I agree there is something going wrong on your machine, but I
don't really see how that relates to my suggestion.

> So, I'd suggest that trading off RAM available through highmem for VM
> space available through zswap is likely a bad idea if you have a
> workload that requires 4GB of RAM on a 32-bit machine.

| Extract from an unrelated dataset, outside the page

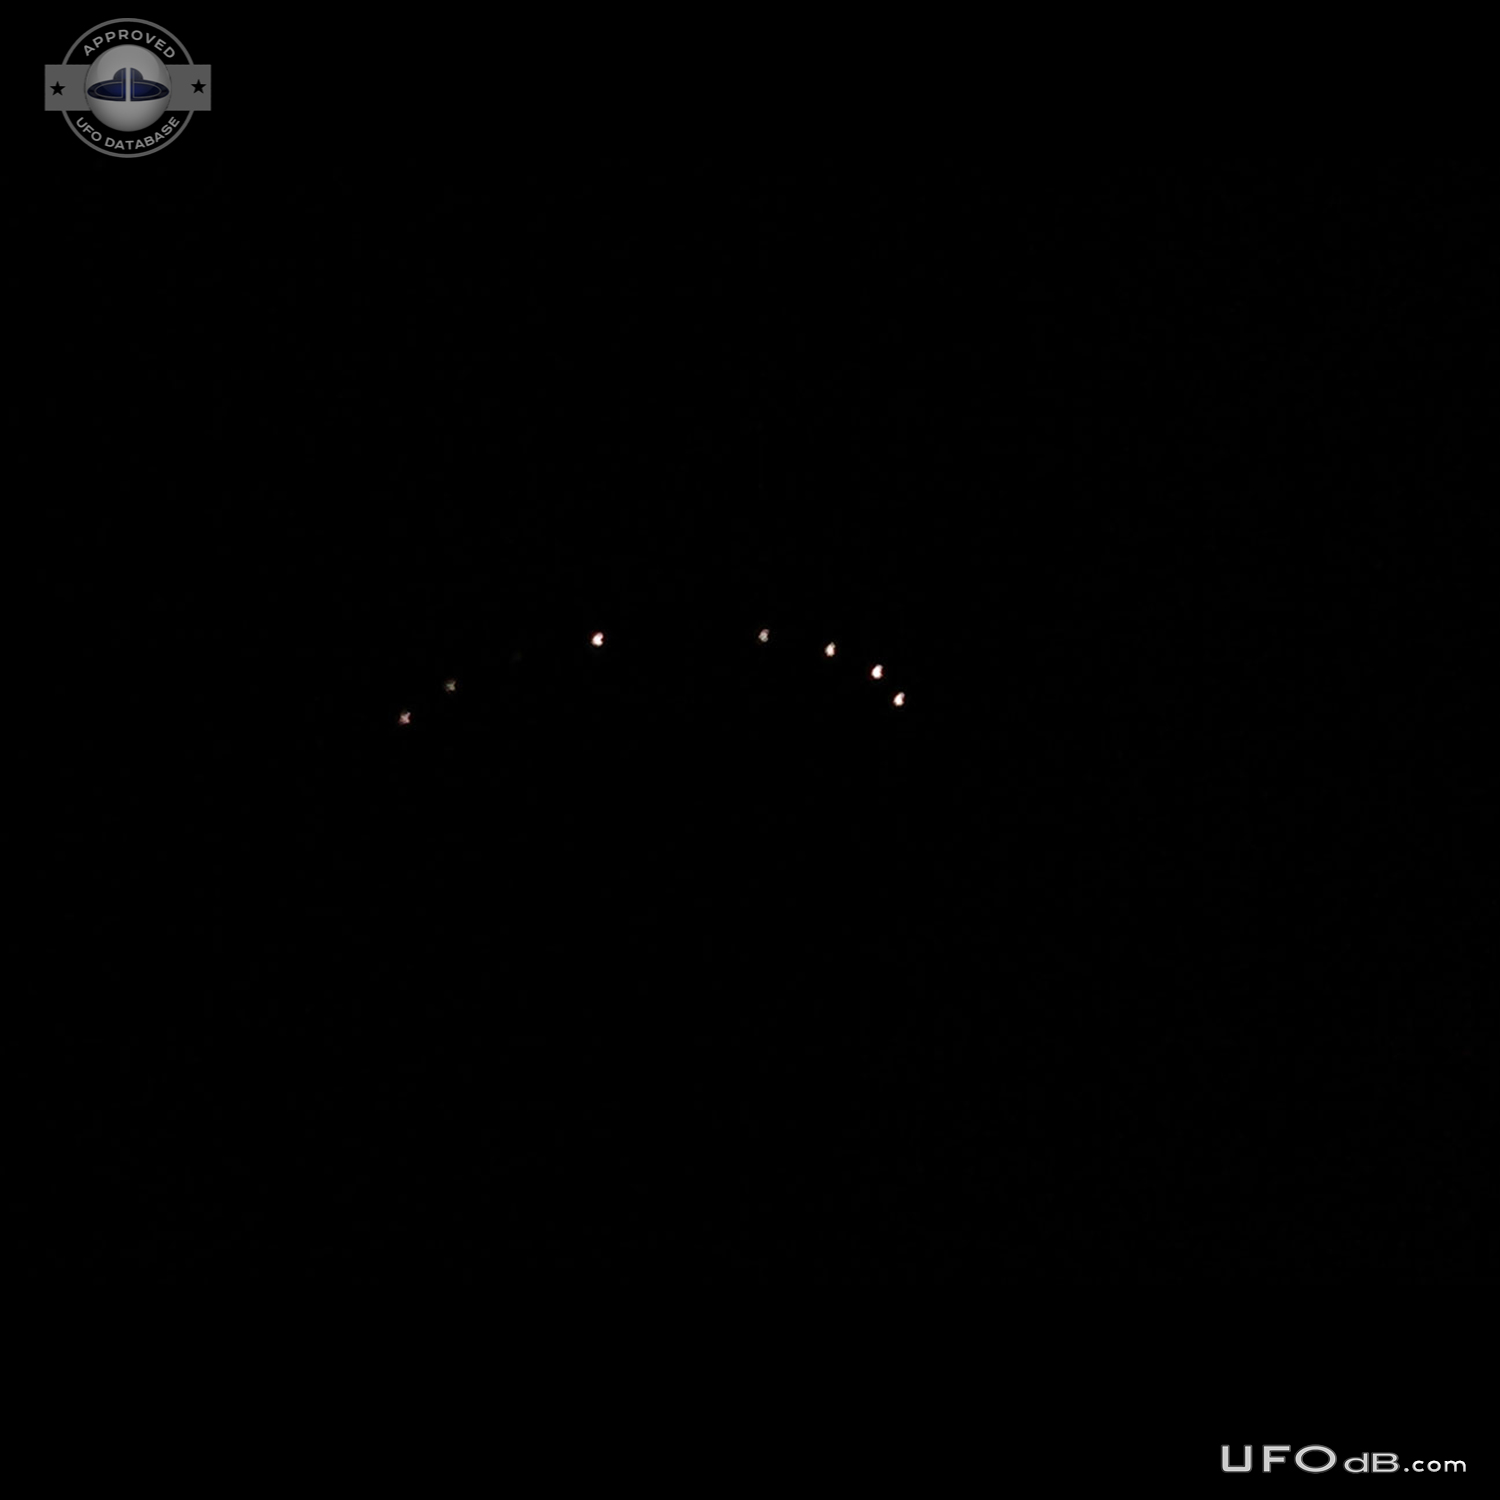 Series of UFOs above the mountains in Portland, Oregon USA 2015 UFO Picture #627-1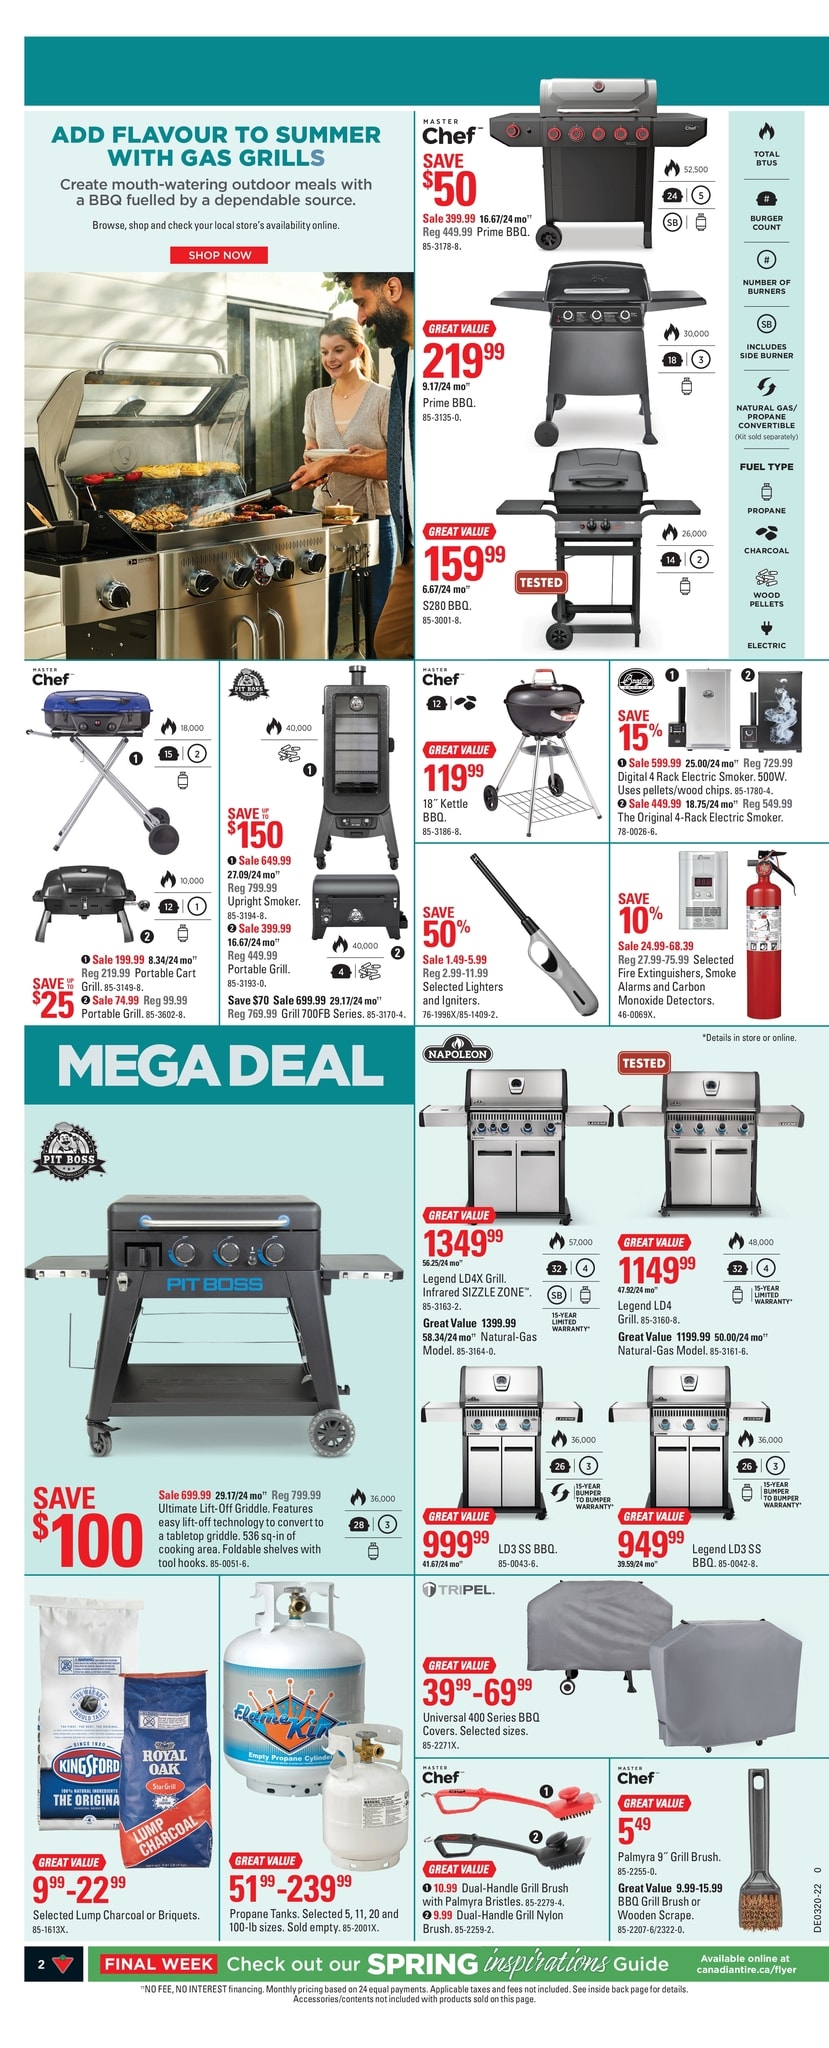 Canadian Tire - Weekly Flyer Specials - Page 2

Aside from every workload being different, I was thinking of
these general observations:

- If we are looking at a future without highmem, then it's better to use
  the extra memory for something than not using it. zswap seems like
  a reasonable use.

- A lot of embedded systems are configured to have no swap at all,
  which can be for good or not-so-good reasons. Having some
  swap space available often improves things, even if it comes
  out of RAM.

- A particularly important case to optimize for is 2GB of RAM with
  LPAE enabled. With CONFIG_VMSPLIT_2G and highmem, this
  leads to the paradox -ENOMEM when 256MB of highmem are
  full while plenty of lowmem is available. With highmem disabled,
  you avoid that at the cost of losing 12% of RAM.

- With 4GB+ of RAM and CONFIG_VMSPLIT_2G or
  CONFIG_VMSPLIT_3G, using gigabytes of RAM for swap
  space would usually be worse than highmem, but once
  we have VMSPLIT_4G_4G, it's the same situation as above
  with 6% of RAM used for zswap instead of highmem.